Michael Dubb, a longtime NYRA board member who is the chairman of the board’s Long-Term Planning Committee, said several weeks ago that the reorganization plan contains “nothing fancy, nothing schmancy.” Instead, it will focus on the size and structure of the board and the long-term goals for the association’s three properties, he said, including some recommendations for the development of parcels of the Belmont and Aqueduct properties.
“At the end of the day what is going to be proposed is what will be in the best interests of New York racing,” Dubb said.
Stuart Janney III, also a longtime board member, said that the plan will focus on the structure of the board and the “the future” of NYRA’s three tracks. That future, according to officials, does not include a recommendation to close Aqueduct, as some have speculated, though the recommendation to allow NYRA more freedom to determine its racing dates could result in fewer racing days at the Queens property in the winter.
The plan will also demonstrate how NYRA’s current management has been able to restore profits to the association, Janney said.
“I think a lot of good has happened in the last three or four years, especially when you look at the management team,” Janney said. “And that’s not just Chris Kay and the other top managers, but also the second-tier management, which is in many ways much stronger than it has ever been in the past.”
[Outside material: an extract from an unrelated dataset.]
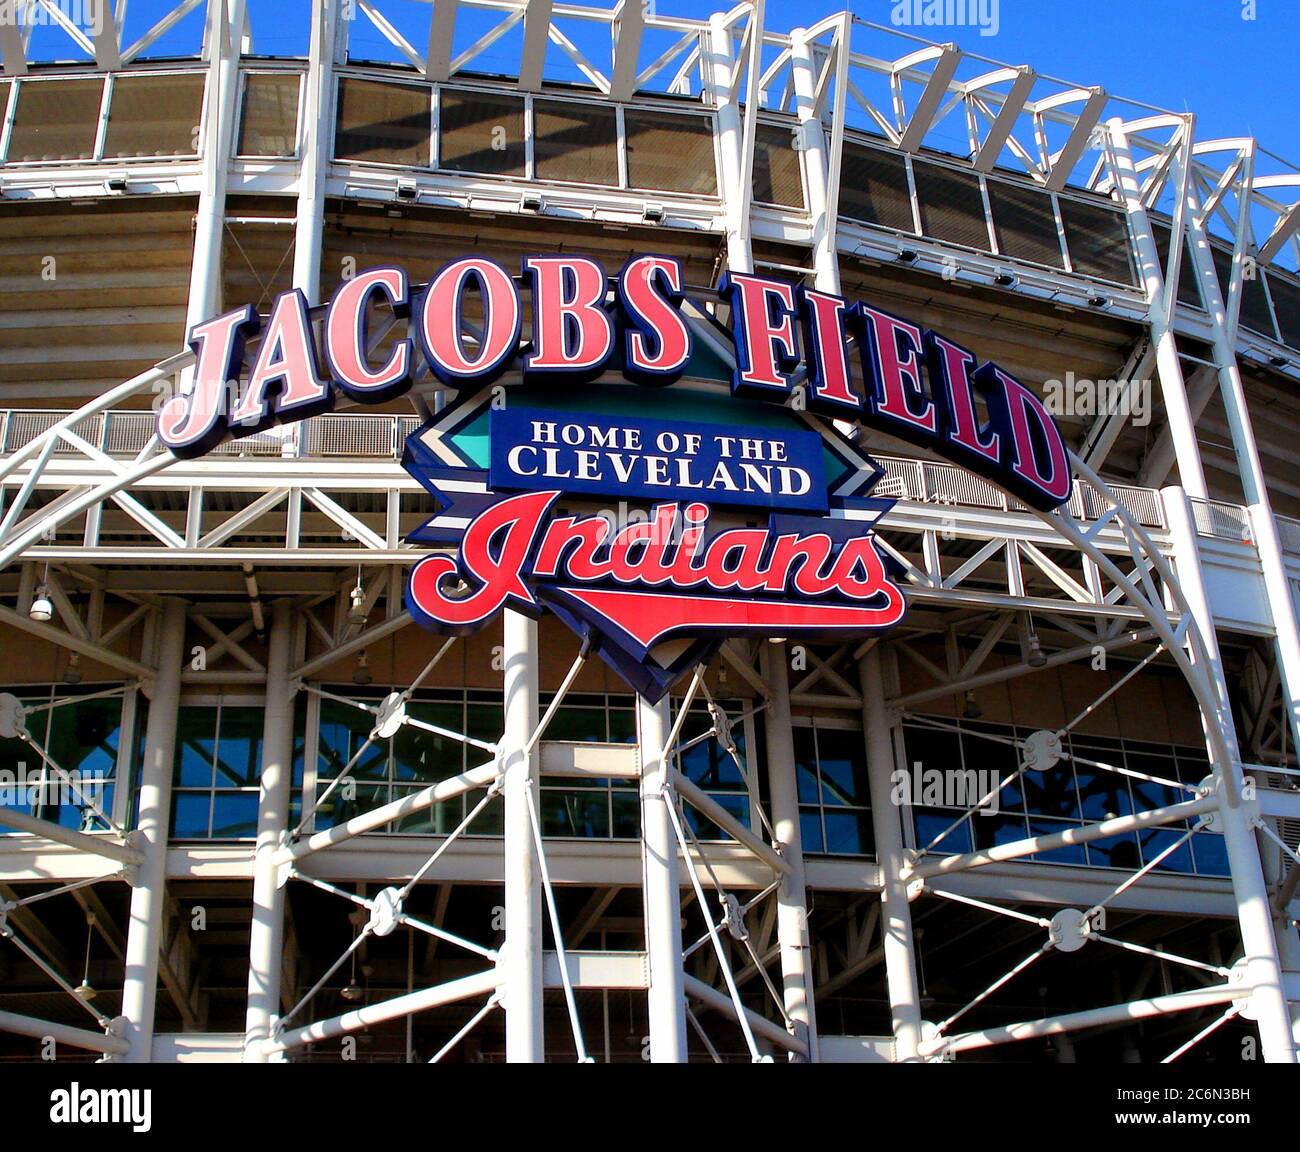 Jacobs Field in Cleveland, OH ca 2007 - Der Eingang zum Jacobs Field ist toped mit einem großen Schild erklärt im Feld das zu Hause der Cleveland Indians. Stockfoto

Kay said that if Albany had sent one message to the reorganized board at the time of the takeover, it was that NYRA needed to show a profit without relying on the paper figures generated by the annual receipt of tens of millions of dollars of statutorily required payments from a casino located adjacent to Aqueduct. He referenced a meeting early in his tenure in which a top Cuomo official, Robert Megna, lectured NYRA managers about its persistent losses.
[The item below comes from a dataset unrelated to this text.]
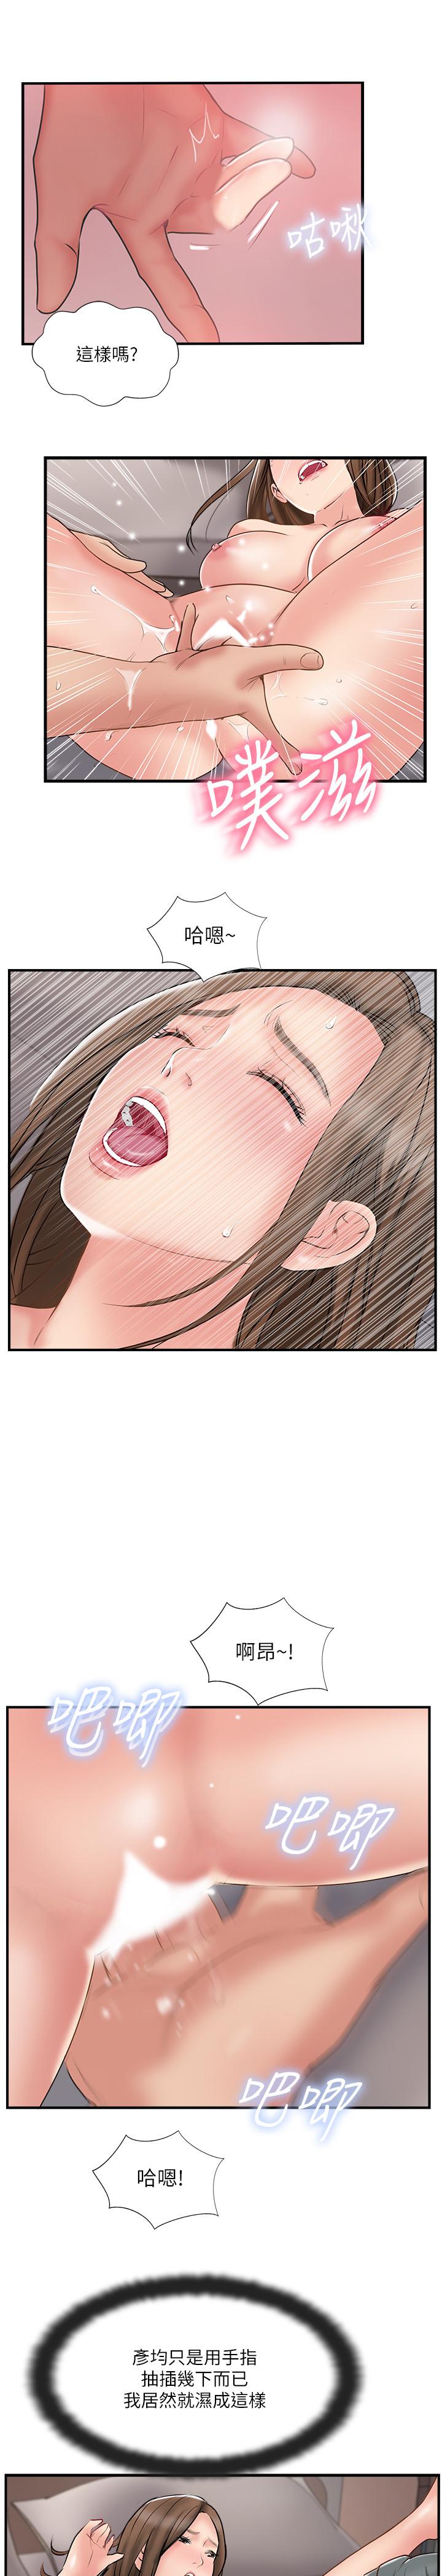 韩国污漫画 完美新伴侶 第38话-想尝试肛交的晓琳 20

“I do know that Megna told us, ‘You guys should be able to break even regardless of the casino money.’ So I think that was important to them,” Kay said. NYRA is currently structured as a non-profit, and the takeover statute requires it to remain a non-profit.
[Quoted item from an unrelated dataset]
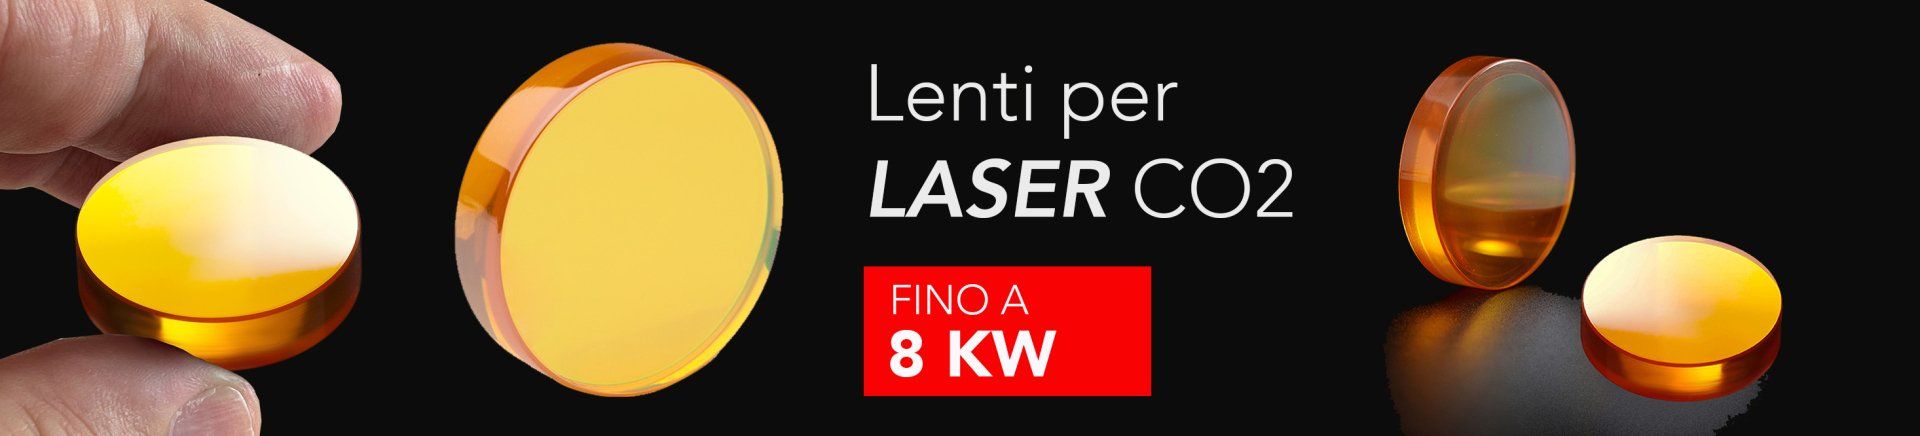 vendita lenti laser

While Dubb and Janney referenced several recommendations for statutory changes that would be beneficial to NYRA, it is unclear if those recommendations have been discussed with legislative leaders. As late as Friday, Sen. John Bonacic, the chairman of the Senate Racing, Wagering, and Gaming Committee, said he had yet to discuss elements of the reorganization plan with either Cuomo or NYRA officials. Several weeks ago, Bonacic’s Assembly counterpart, Rep. Gary Pretlow, also said he had not had those discussions.
Cuomo’s office has not responded to requests for comment on the plan.
Even if the plan has not been communicated to legislative leaders, that does not mean it will face an uncertain reception. In New York, the governor’s office and party leaders often hash out agreements over legislation without involving broad portions of the legislature. Because the reorganization was a Cuomo project, the legislation may even be handed down from the top and summarily approved by the legislature, as long as it does not contain any controversial elements.
Janney said that one benefit of operating under the thumb of the state over the past 3 1/2 years has been the establishment of better ties to the governor’s office.
NYRA and the state “have learned in large part how to get along, and they have learned the importance of getting along,” Janney said. “That relationship has changed in a very important way over the past three or four years.”